AWS-Certified-Machine-Learning-Study-Notes

AWS Certified Machine Learning – Study Notes

These notes are written by a data scientist, so some basic topics may be glanced over

1. Machine learning concepts

Machine learning lifecycle
Supervised vs Unsupervised vs Reinforcement learning
Optimisation
Regularisation (L1 Lasso & L2 Ridge)
Hyperparameters
Cross-validation

Machine learning life-cycle

Supervised, unsupervised & reinforcement learning

Optimization

Gradient decent

Regularization

Need to understand, not calculate Mathematical process which will try and desensitize your model to a particular dimension.

L1 -- Lasso
L2 -- Ridge regression
Use when model is overfit

Hyperparameters

External parameters set BEFORE model is trained, such as learning rate, epochs and batch size

Learning rate: Size of step taken in gradient decent (between 0 and 1)
Batch Size: Number of samples used to train. One, some or all of your data (commonly 32/64/128). Could be based on infrastructure.
Epochs: Number of times your algorithm will process all the training data. Contains one or more batches. Very high numbers, 10-1000

Hyperparameter tuning strategies

random search
bayesian search

Cross-validation

TODO

2. Data

Feature selection
Feature engineering
Principal Component analysis (PCA)
Missing and unbalanced data
Label encoding & One-hot-encoding
Train-test splits & Randomisation
RecordIO format

Feature selection and engineering

Selection:

Choose features that don't impact the model performance
- person's name when predicting if they like tea
Makes model faster to train and more accurate
Gaps in data. Remove? Keep?
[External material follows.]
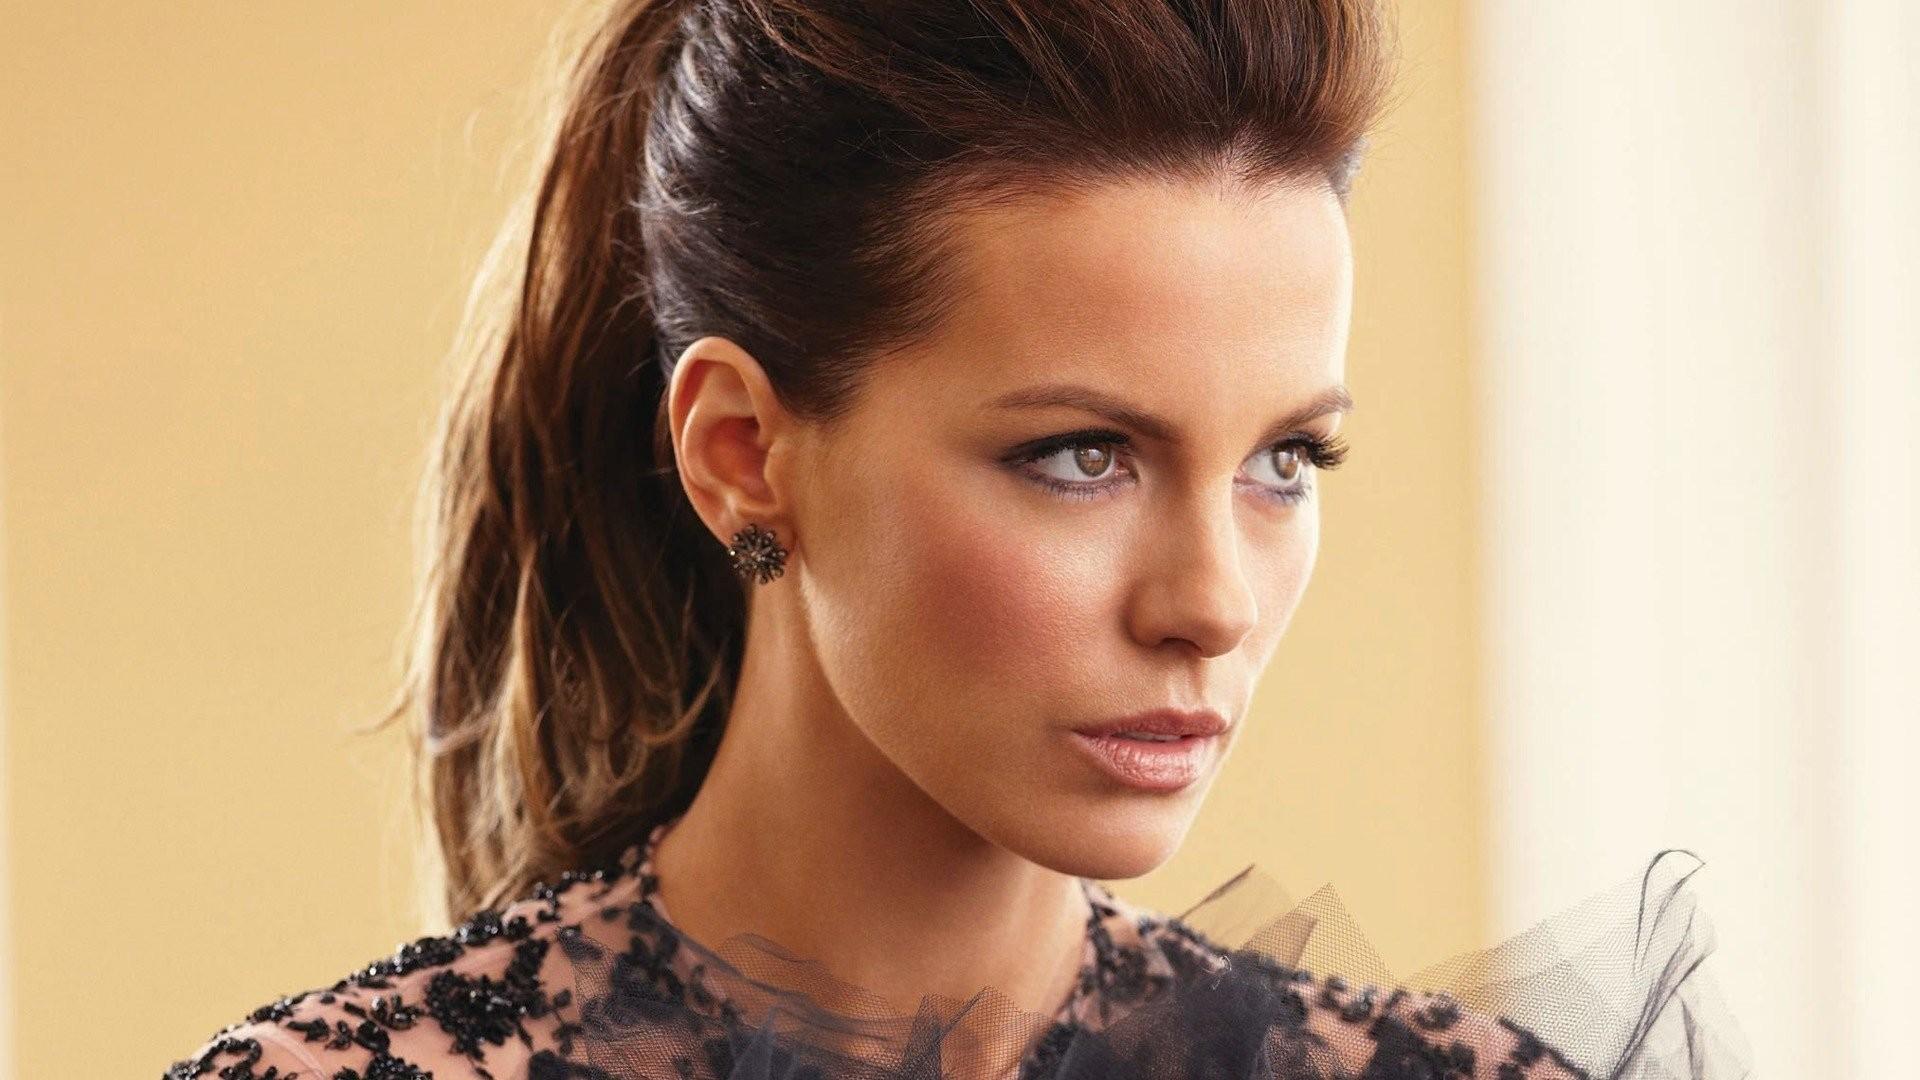 Kate Beckinsale Wallpaper Pic

Infer?

Use domain knowledge, drop features with little correlation target, low variance or lots of missing data

Feature engineering

Compute new features from existing features
- Time of day, from timestamp
- Country from city

Simplify features, remove irrelevant info, standardise ranges (0-10: 0-1 && -100-100: -1-1), transform data

Principal component analysis

Unsupervised dimension reduction while retaining all or most of the information

Example is taking a photograph of a 3d object. You lose one dimension of the data, but the info is still there
Often used as a data pre-processing step
Can be used to plot high-dimensional data as groups of features

Missing and unbalanced data

Missing:

Few datapoints missing: Replace missing data with average
Few rows missing: Remove row
Column missing most data: Remove column

How to deal with Unbalanced:

Get more data (often overlooked)
Oversample minority: Little variation
Synthesize data: Take minority data, apply some variation to make new points
Different algorithms

Label and 1-hot-encoding

Label-Encoding: Replace strings with values (brazil:0, USA: 1, UK: 2)
One-hot-encoding: New columns with binary values if they match (Brazil: (brazil:1, usa:0, uk: 0) )

Splitting and Randomization

Train/test splits. ALways randomize data

RecordIO format

Pipe mode instead of File mode. Faster start and better throughput. Streams the data to the model

SageMaker works best with RecordIO, streams data directly from S3 without storing locally

3. Machine learning models

Logistic Regression
Linear regression
SVM
Decision trees
Random Forest
K-means
KNN
Latent Dirichlet ALlocation - LDA

TODO

Latent Dirichlet ALlocation - LDA

Not same as Linear Discriminant analysis (LDA) Text analysis, can be used for topic analysis of text documents

4. Deep Learning

Neural Networks
Activations functions (sigmoid, Tanh, ReLU)
Weights & biases
Forward & Back propogation
Convolutional Neural Networks (CNN)
Filters
Transfer Learning
Recurrent Neural Networks (RNN)

5. Model Performance and Optimization

Sensitivity (Recall / TPR)
Specificity (TNR)
Precision
Accuracy
ROC / AUC
F1 Score
Gini impurity

Confusion matrix

source

Precision vs Recall

source

Sensitivity (Recall / True Positive Rate): Number of positives out of all positives

TP / (TP + FN)
When you want to avoid false negatives
% of people with a disease that are identified as having the disease
"Recall all the positives in the dataset, how many did you get right?"

Specificity (True Negative rate): Correct positives out of the predicted positive results

TN / (TN + FP)
When you want to avoid false positives
% of people without a disease that are identified as not having the disease
"Recall all the negatives in the dataset, how many did you get right?"

Precision:

TP / (TP + FP)
How accurate are you?
Out of all the things you said were positive, how many actually were?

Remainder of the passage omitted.